Alcide, que ne suis-je armée
De ta massue et de tes traits,
Pour venger la terre alarmée
Et punir un dieu que je hais !

Médée, enseigne-moi l'usage
De tes plus noirs enchantemens :
Formons pour lui quelque breuvage
Egal au poison des amans.

Ah! si dans ma fureur extrême
Je tenois ce monstre odieux!..
Le voilà, lui dit l'Amour même,
Qui soudain parut à ses yeux.

Venge-toi, punis, si tu l'oses.
Interdite à ce prompt retour,
Elle prit un bouquet de roses
Pour donner le fouet à l'Amour.

On dit même que la bergère
Dans ses bras n'osant le presser,
En frappant d'une main légère,
Craignoit encor de le blesser.

Le sentiment, la naïveté, l'air de la négligence, et une certaine mollesse voluptueuse dans le style, font le charme de l'ode anacréontique; et Chaulieu, dans ce genre, auroit peut-être effacé Anacréon lui-même si, avec ces graces qui lui étoient naturelles, il eût voulu se donner le soin d'être moins diffus et plus châtié. Quoi de plus doux, de plus élégant que ces vers à M. de la Fare!

O toi qui de mon ame es la chère moitié ;
Toi qui joins la délicatesse

Des sentimens d'une maîtresse

A la solidité d'une sûre amitié;

Lafare, il faut bientôt que la parque cruelle
Vienne rompre de si doux nœuds;
Et, malgré nos cris et nos vœux,

Bientôt nous essuierons une absence éternelle.
Chaque jour je sens qu'à grands pas
J'entre dans ce sentier obscur et difficile,
Qui va me conduire là-bas
Rejoindre Catulle et Virgile.

Là, sous des berceaux toujours verds,
Assis à côté de Lesbie,

Je leur parlerai de tes vers
Et de ton aimable génie ;
Je leur raconterai comment
Tu recueillis si galamment
La muse qu'ils avoient laissée,
Et comme elle sut sagement,
Par la paresse autorisée,
Préférer avec agrément
Au tour brillant de la pensée
La vérité du sentiment.

M. de Voltaire a joint à ce beau naturel de Chaulieu plus de correction et de coloris ; et ses poésies familières sont, pour la plupart, d'excellens modèles de la gaieté noble et de la liberté qui doivent régner dans l'ode anacréontique.
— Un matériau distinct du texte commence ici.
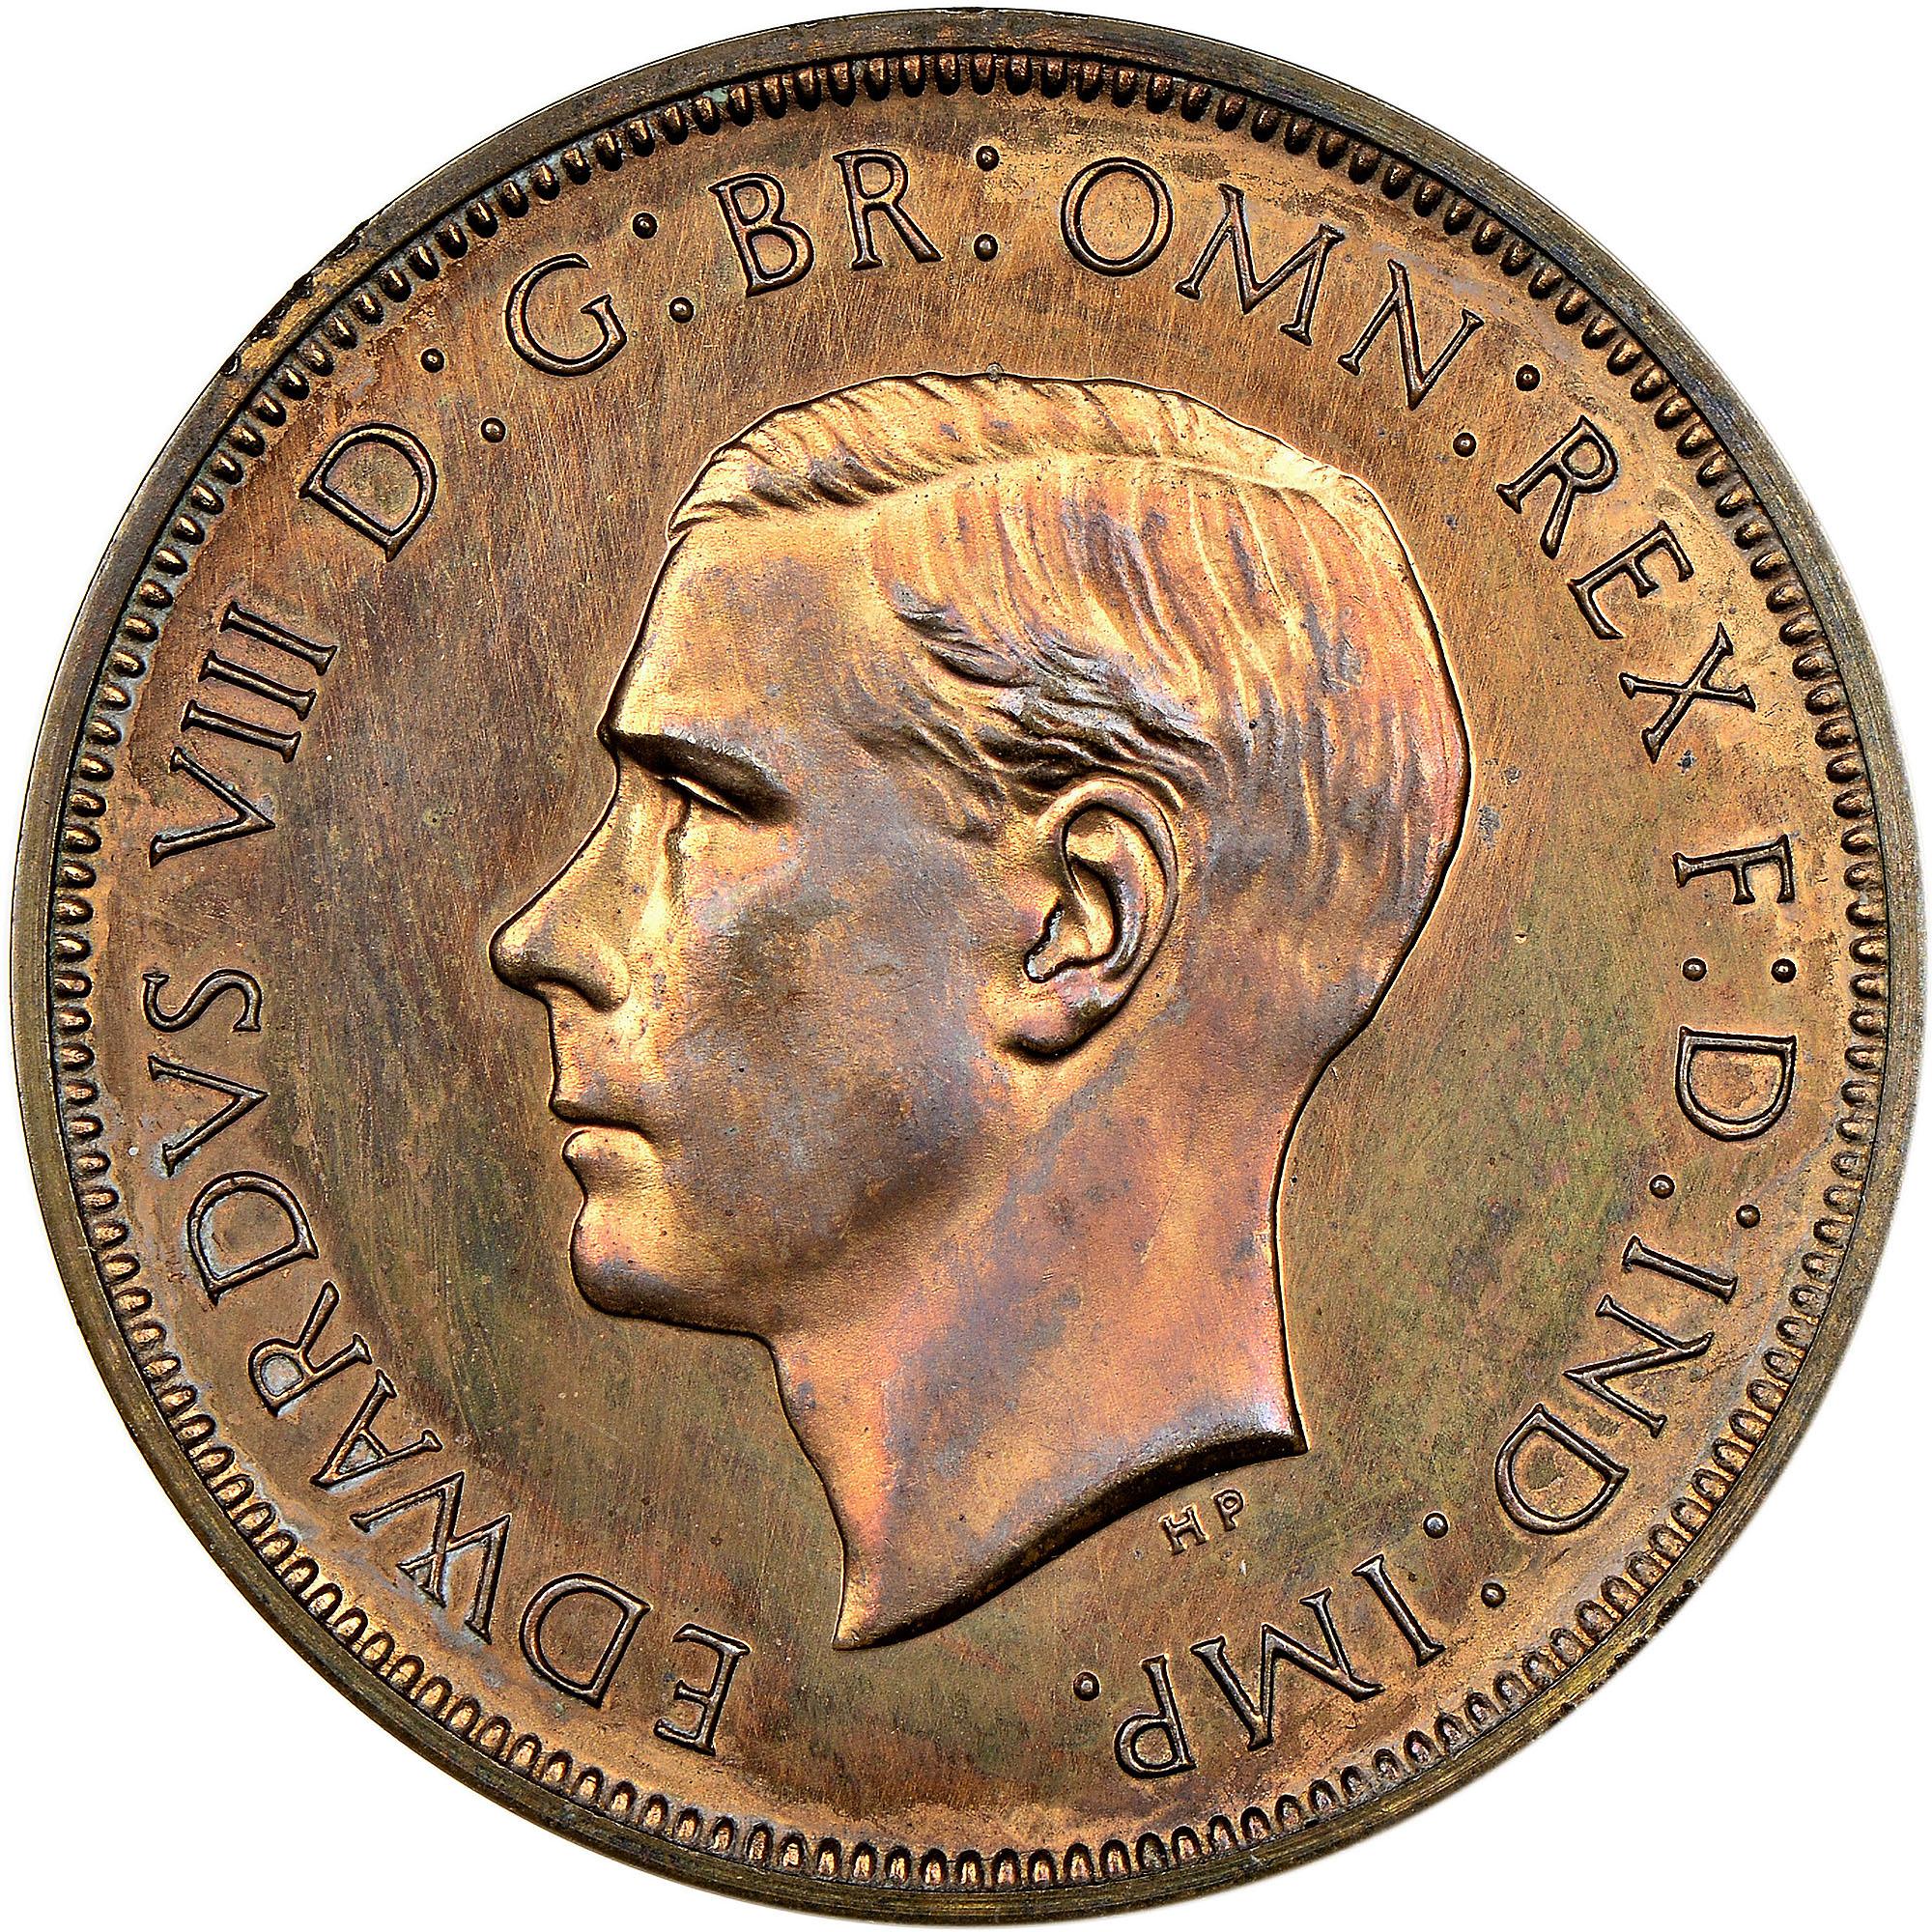 1937 UK Great Britain Penny

Le temps de l'ode bachique est passé. C'étoit autrefois la mode de chanter à table. Les poètes composoient, le verre à la main, et leur ivresse n'étoit pas simulée. Cet heureux délire a produit des chansons pleines de verve et d'enthousiasme. J'en ai cité quelques exemples dans l'article Chanson. En voici deux qu'Anacréon n'eût pas dé

savouées :

Je ne changerois pas pour la coupe des rois
Le petit verre que tu vois:

Ami, c'est qu'il est fait de la même fougère,
Sur laquelle cent fois

Reposa ma bergère.

L'autre roule sur la même idée, mais le même sentiment, n'y est pas.

Vous n'avez pas, humble fougère,
L'éclat des fleurs qui parent le printemps:
Mais leurs beautés ne durent guère,
Les vôtres plaisent en tout temps.
Vous offrez des secours charmans

Aux plaisirs les plus doux qu'on goûte sur la terre:
Vous servez de lit aux amans,

Aux buveurs vous servez de verre.

Dans tous les genres que je viens de parcourir, non seulement l'ode est dramatique dans la bouche du poète; il est encore permis au poète d'y céder la parole à un personnage qu'il introduit, et l'on en voit des exemples dans Pindare, dans Anacréon, dans Sapho, dans Horace, etc.; mais celui-ci est, je crois, le premier qui ait mis l'ode en dialogue; et l'exemple qu'il en a laissé, donec gratus eram tibi, est un modèle de délicatesse. (Voyez Lyrique et Chanson.)